(Task description):
Using the listing below, reproduce exactly the lines from the one with "Bayramda misafirlerinizin mutlaka" through the last, with all pictures left out.

(Source data):
⁂

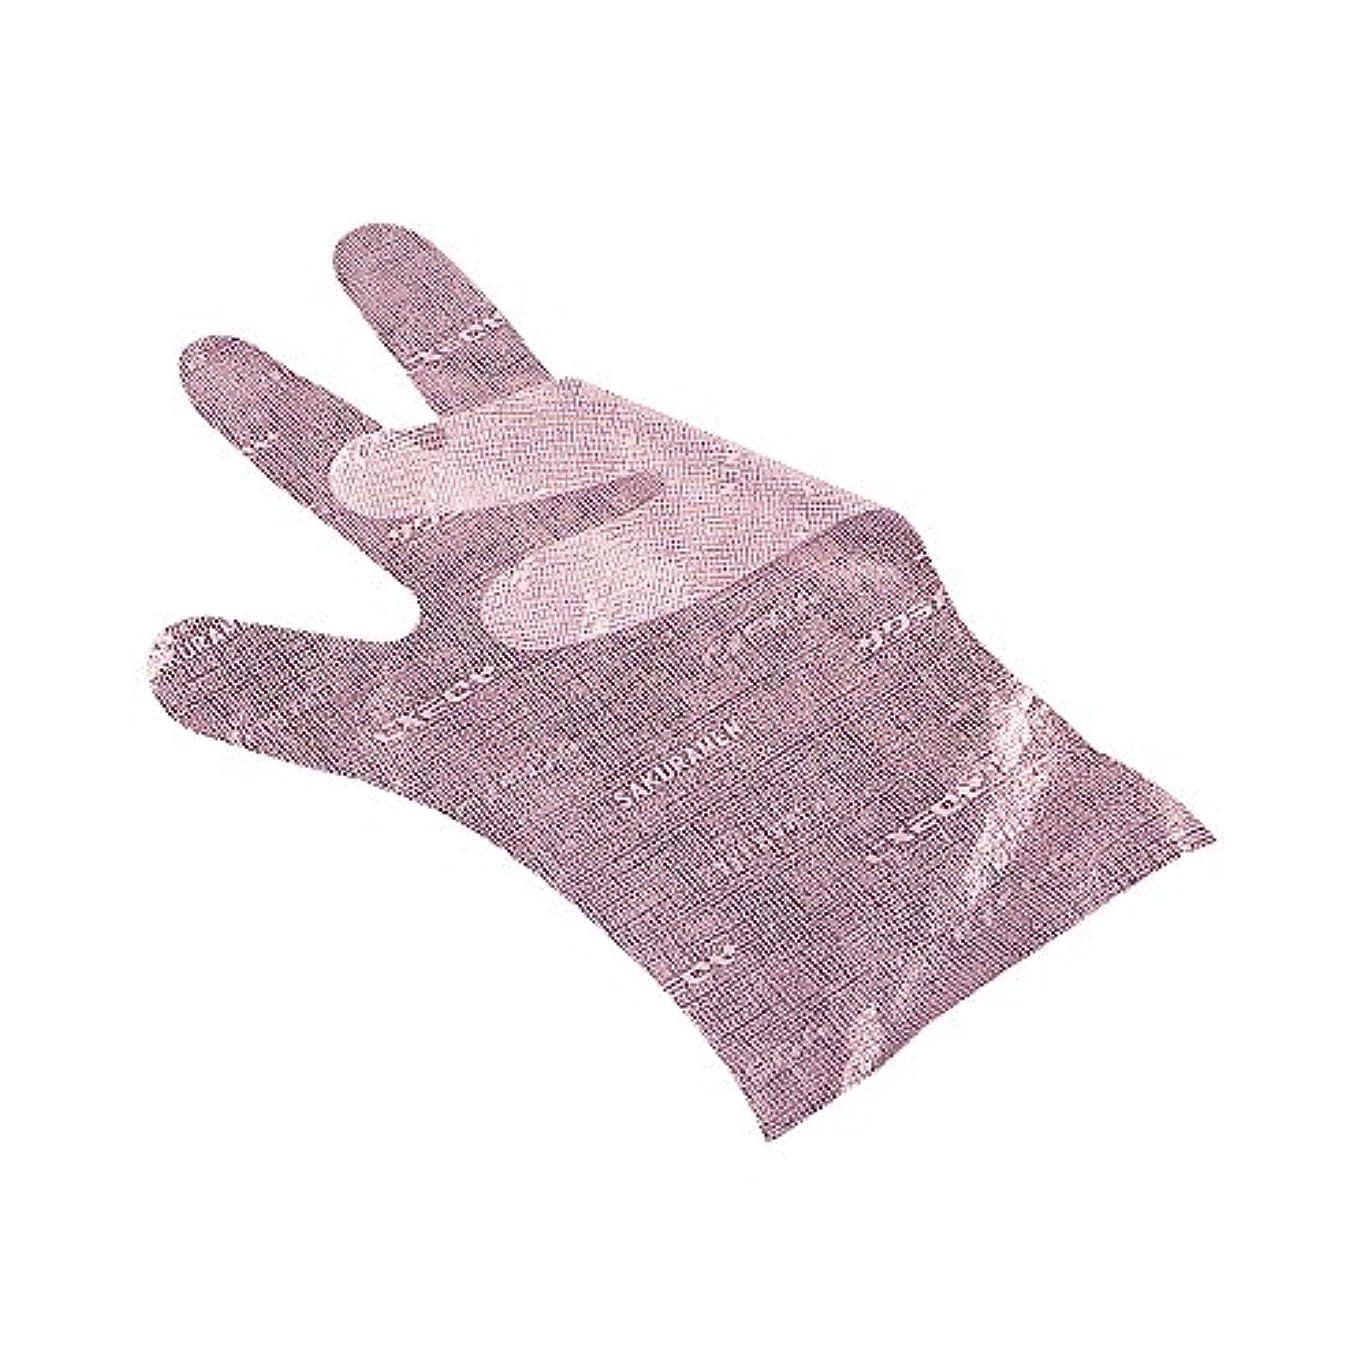 問題泳ぐキャラクターサクラメンエンボス手袋 デラックス ピンク M 100枚入
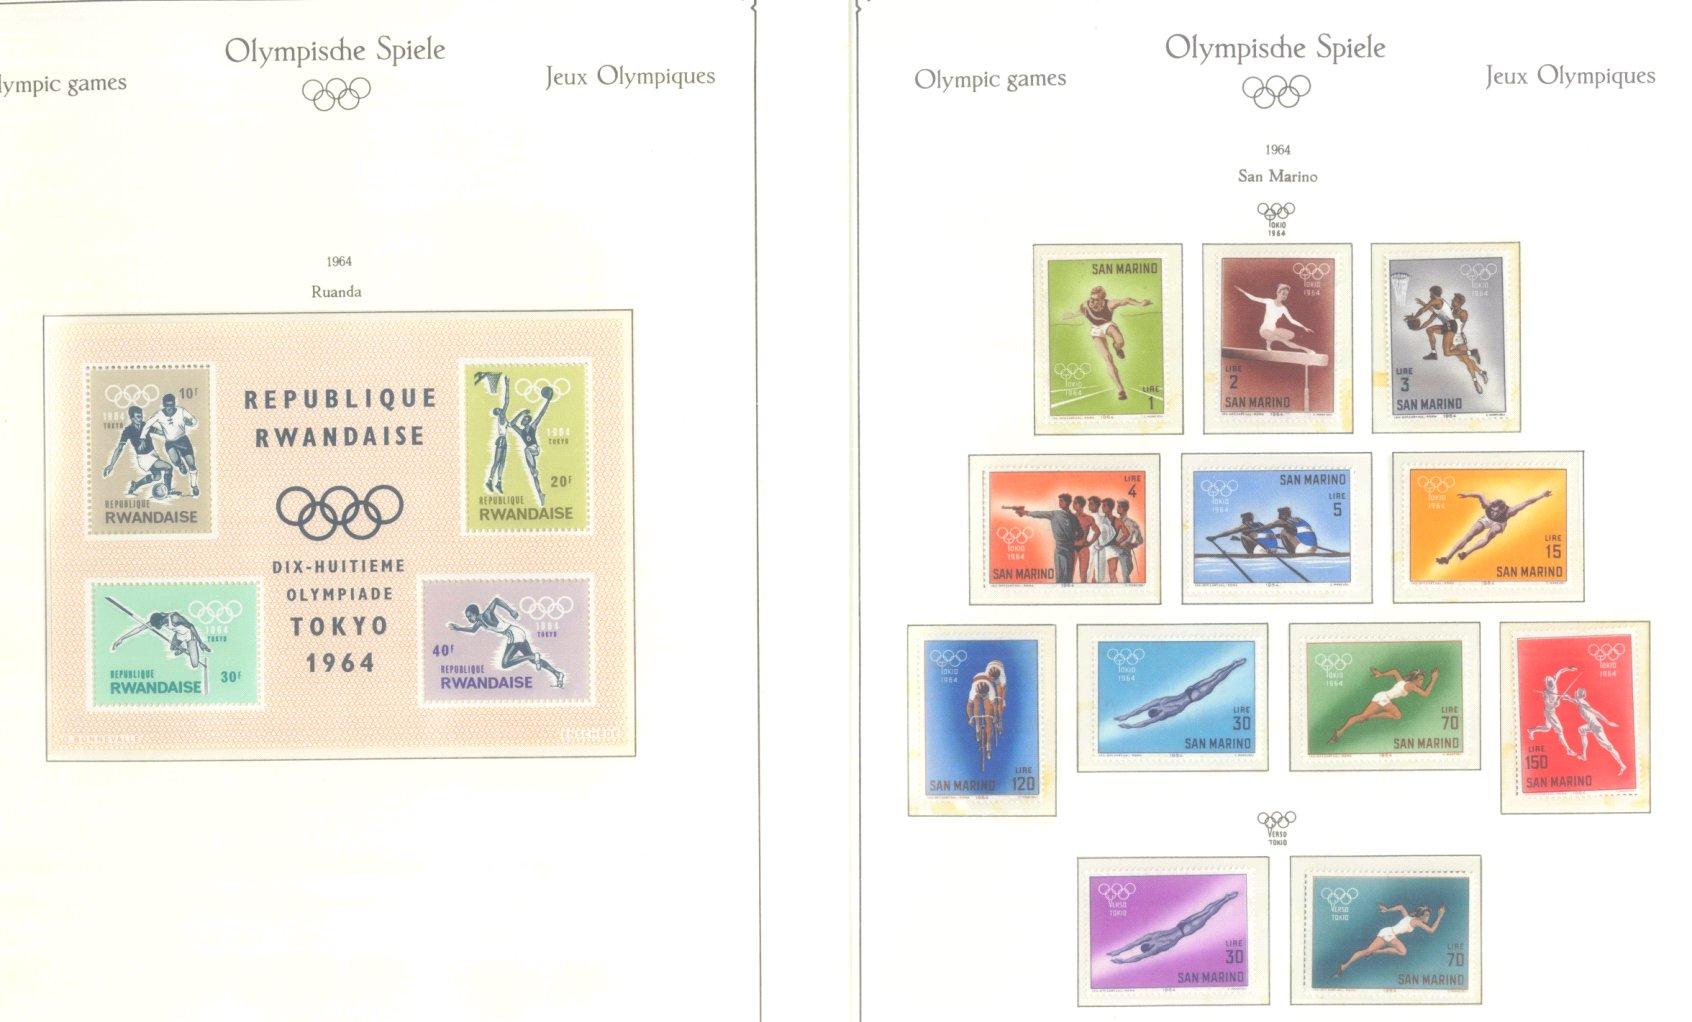 OLYMPISCHE SPIELE 1964 TOKIO, postfrische Sammlung Teil 2-33
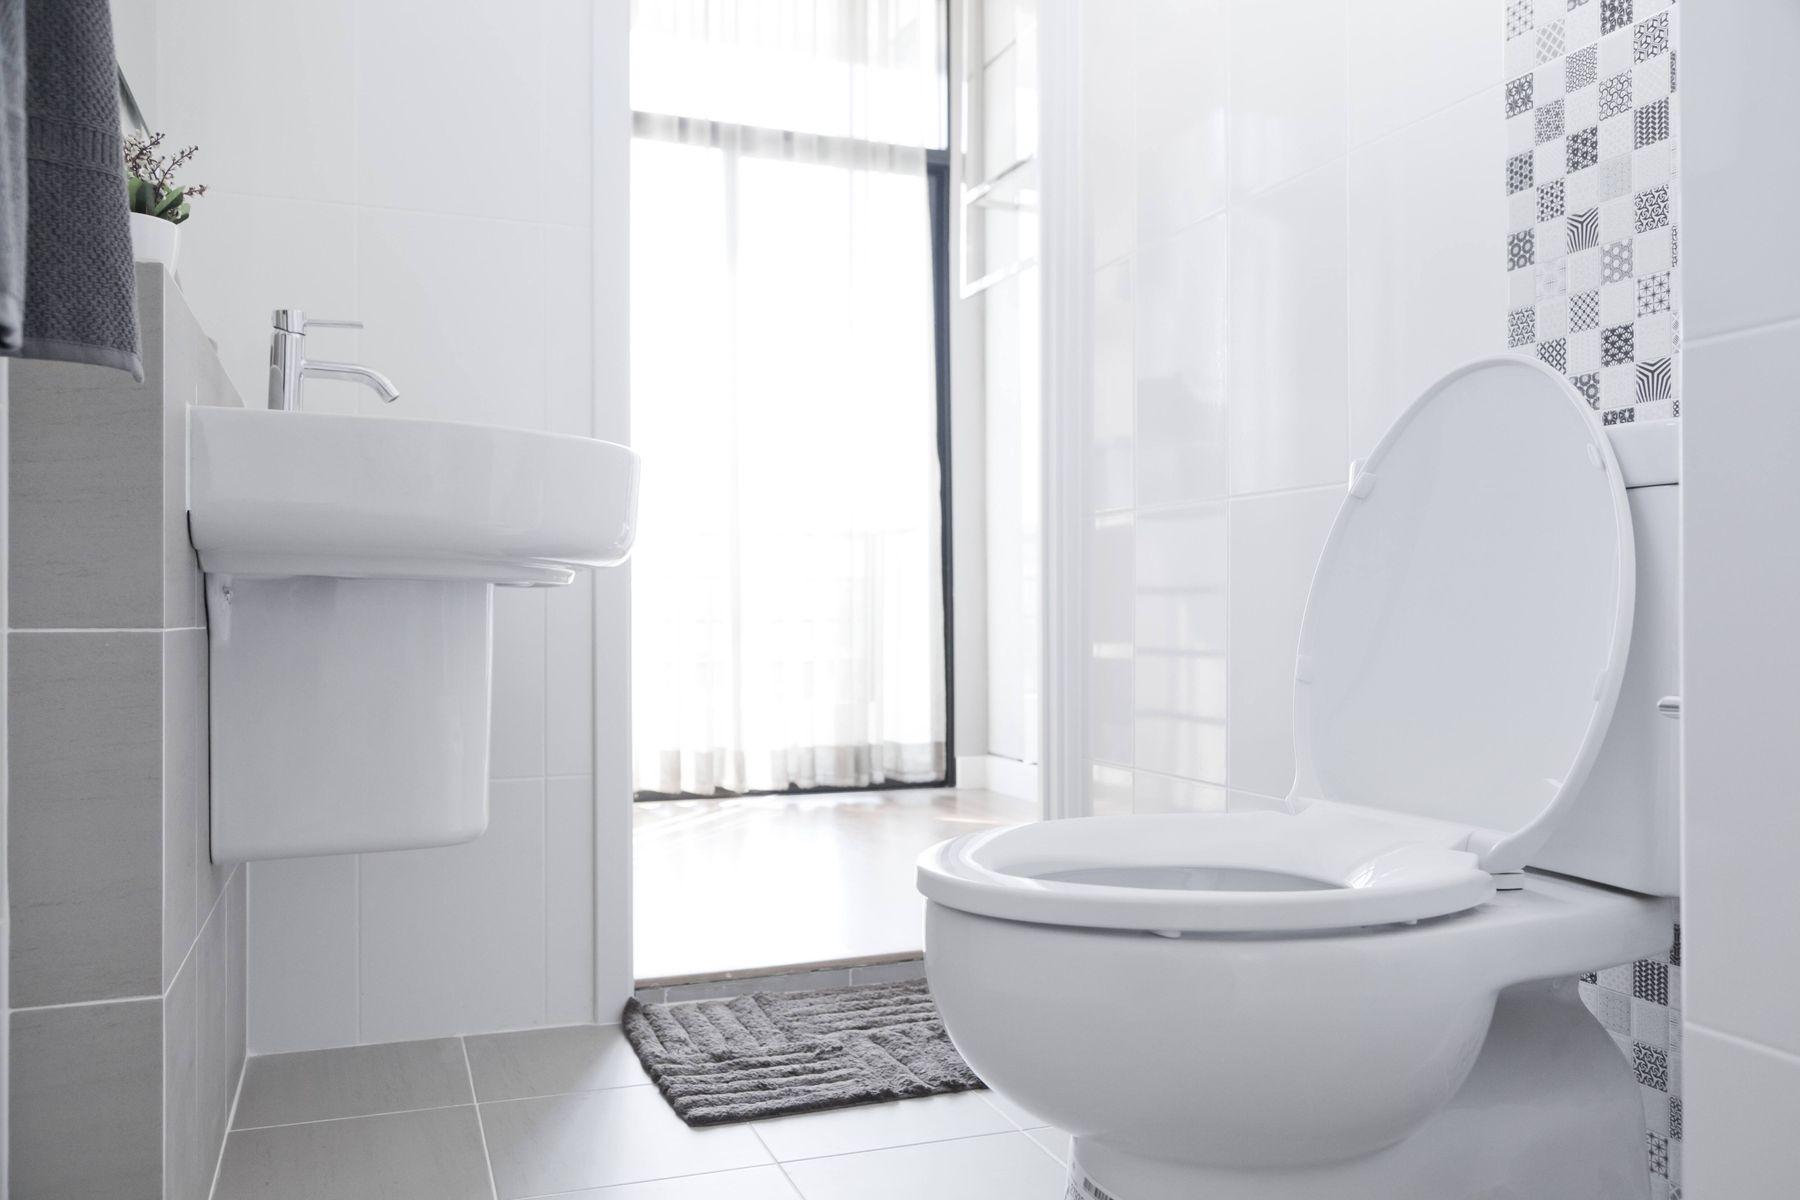 Bayramda misafirlerinizin mutlaka ziyaret edeceği odalardan birisi olan tuvaletlerinizin temizliği ve hijyeni oldukça önemlidir.
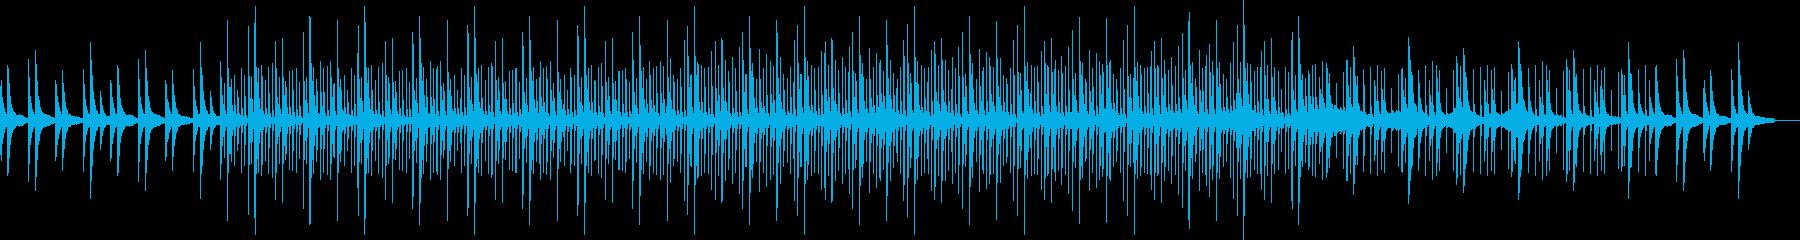 孤独で可愛いミニマル曲の再生済みの波形

⁂

(Task result):
 Bayramda misafirlerinizin mutlaka ziyaret edeceği odalardan birisi olan tuvaletlerinizin temizliği ve hijyeni oldukça önemlidir.
 孤独で可愛いミニマル曲の再生済みの波形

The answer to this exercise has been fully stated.